A fairy baby, Anouk said. She certainly was a pretty one; so delicate with her small shapely head and her wide-spaced eyes and pointed chin.
“She even looks like a cat,” said Anouk. “Pantoufle says so. Don’t you, Pantoufle ? ”
Ah, yes. Pantoufle. At first I’d thought maybe Pantoufle would disappear, once Anouk had a baby sister to care for. The wind was still blowing across the Loire, and Yule, like midsummer, is a time of change; an uncomfortable time for travelers.
But with the arrival of Rosette, Pantoufle seemed, if anything, to get stronger. I found I now saw him with increasing clarity—sitting beside the baby’s crib; watching her with button-black eyes as Anouk rocked her and talked to her and sang songs to quiet her.
V’là l’bon vent, v’là l’ joli vent
“Poor Rosette doesn’t have an animal,” said Anouk as we sat together by the fire. “Maybe that’s why she cries all the time. Maybe we should ask one to come. To look after her, the way Pantoufle looks after me.”
I smiled at that. But she was in earnest; and I should have known that if I didn’t address the problem, she would. And so I promised we’d give it a try. Just this once, I’d play the game. And we’d been so good for the past six months: no cards, no charms, no rituals. I missed it, and so did Anouk. What harm could come of a simple game ?

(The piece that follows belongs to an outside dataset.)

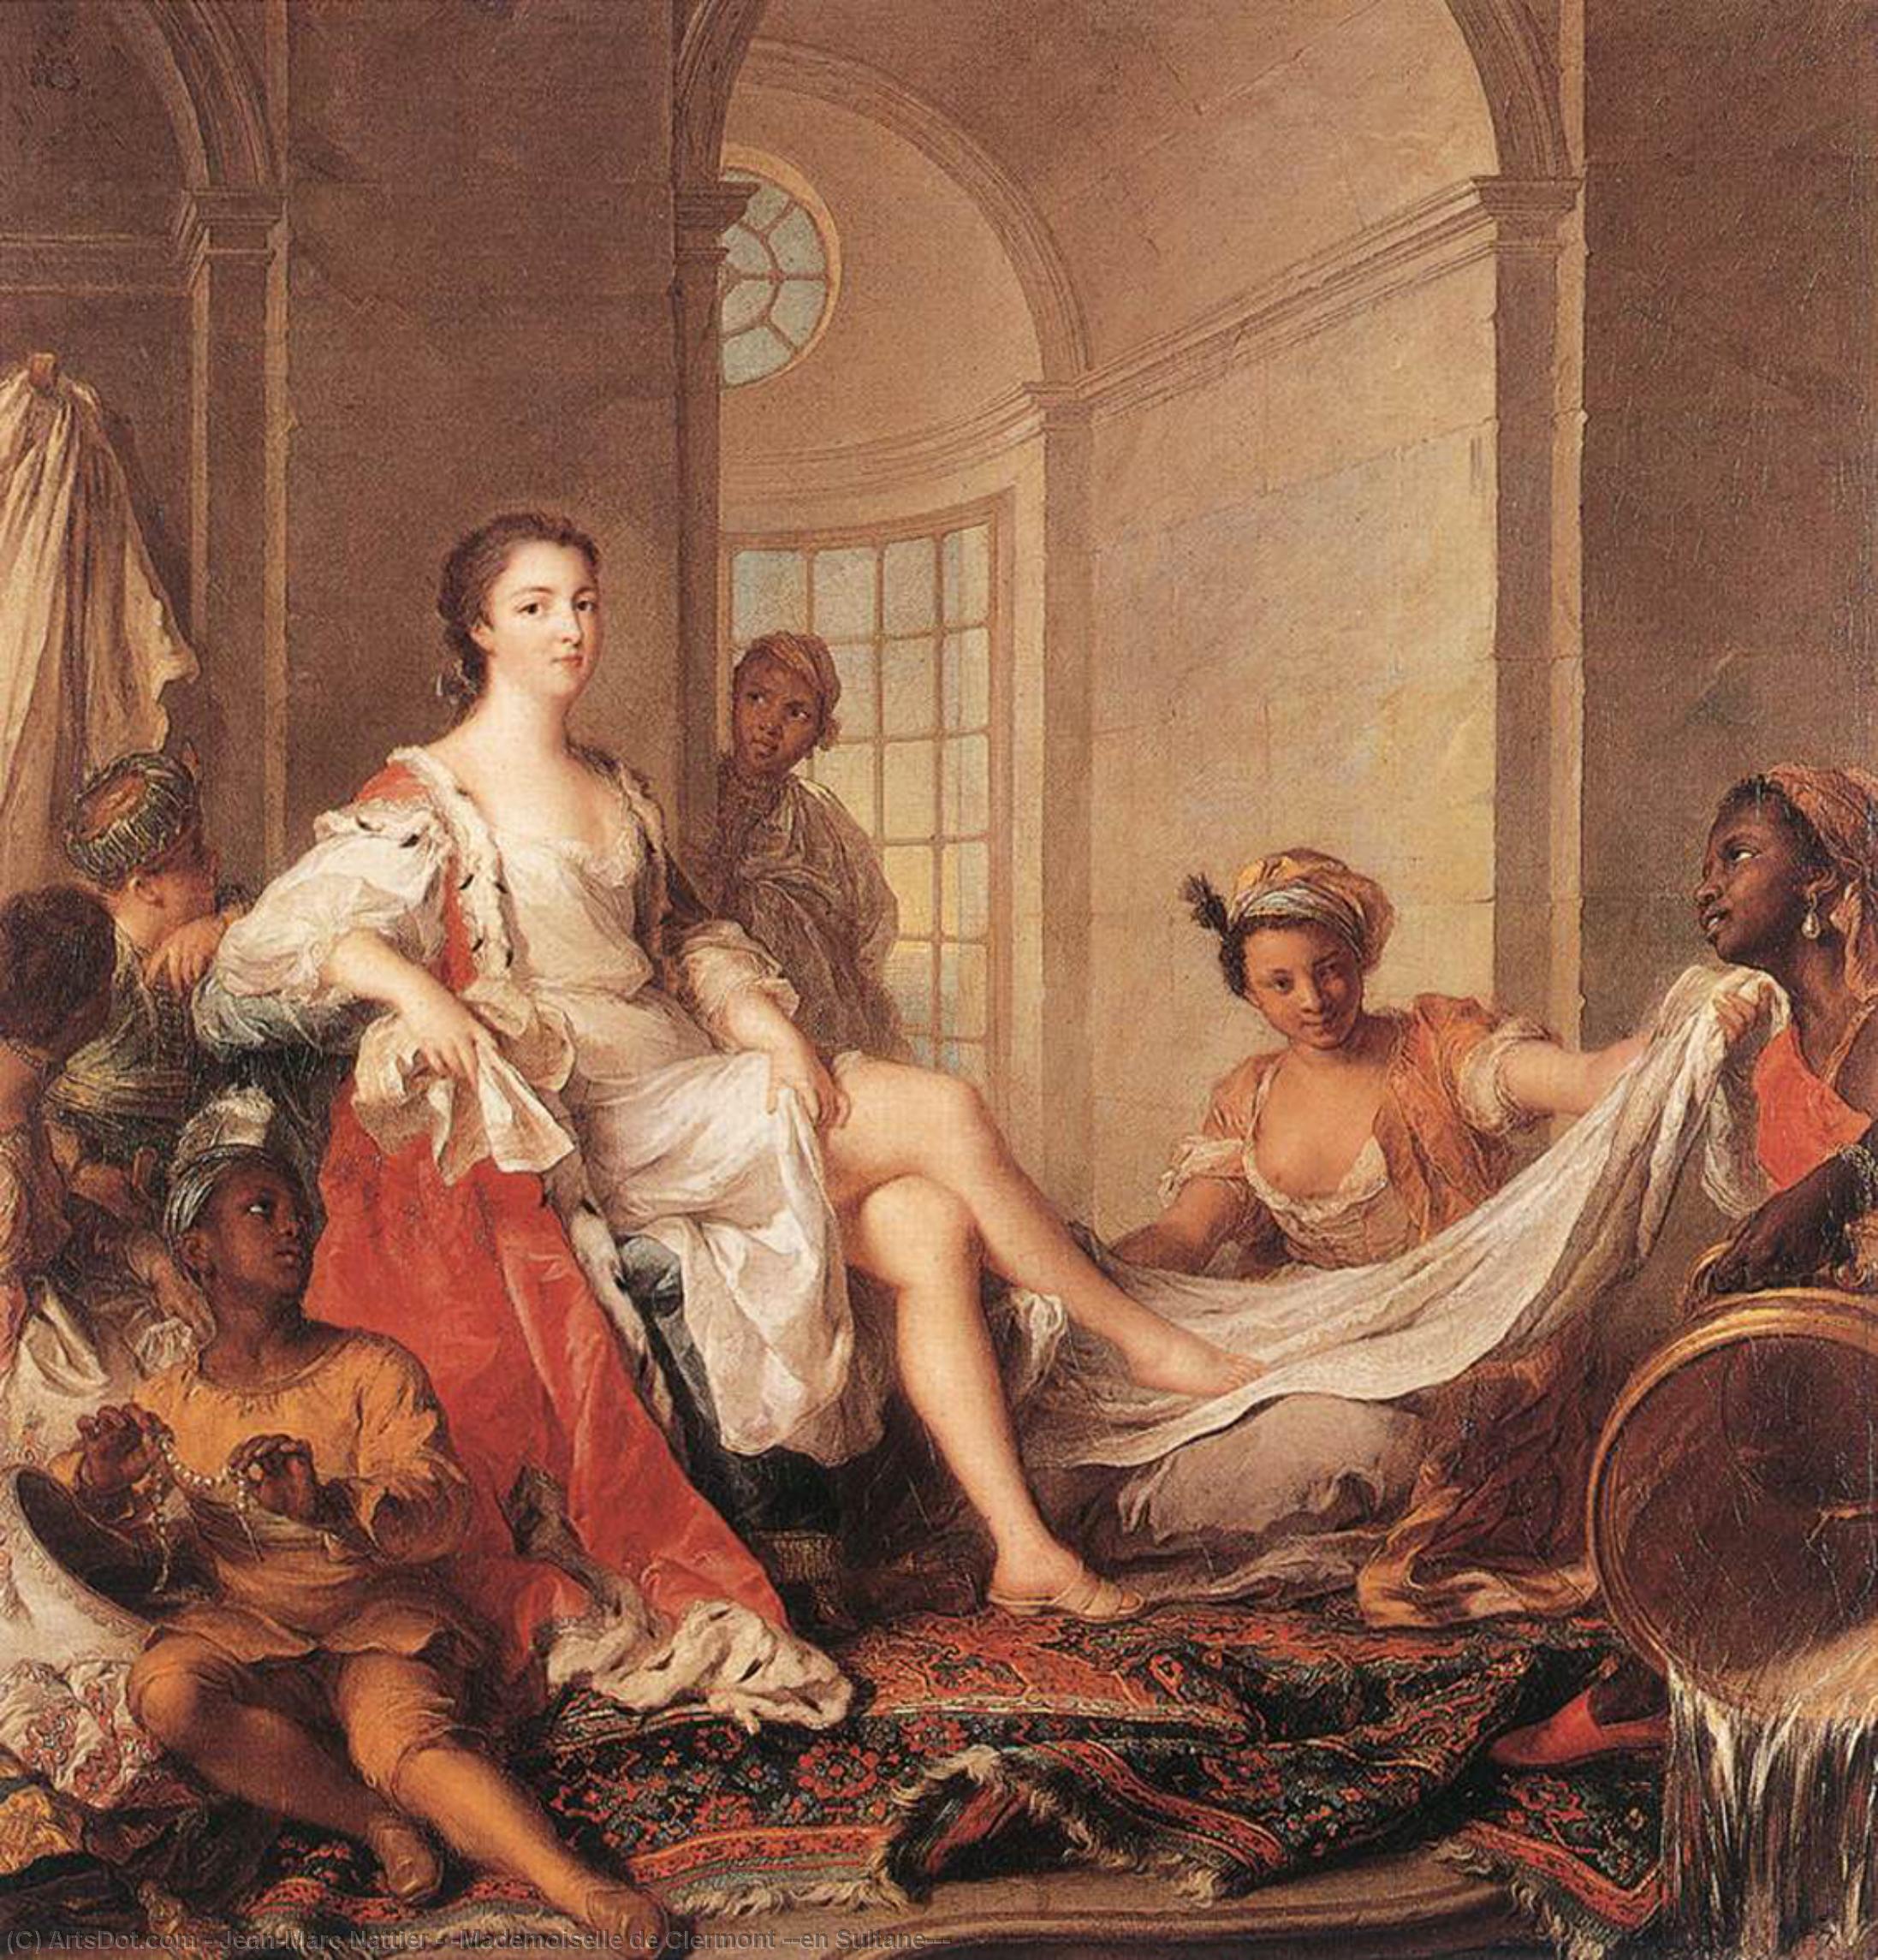 Achat Reproductions De Peintures `Mademoiselle de Clermont`en Sultane`` `, 1733 de Jean-Marc Nattier (1685-1766, France) | ArtsDot.com

We’d been living in Les Laveuses for nearly a week, and things were beginning to get better for us. We’d already made some friends in the village; I’d grown very fond of Framboise and Paul. We were comfortable in the flat above the crêperie. With Rosette’s birth we had more or less missed Christmas, but the New Year was approaching, full of the promise of new beginnings. The air was still cold, but it was clear and frosty, and the sky was a vibrant, piercing blue. Rosette continued to worry me; but we were slowly learning her ways, and with the help of the eyedropper, we were able to give her the nourishment she needed.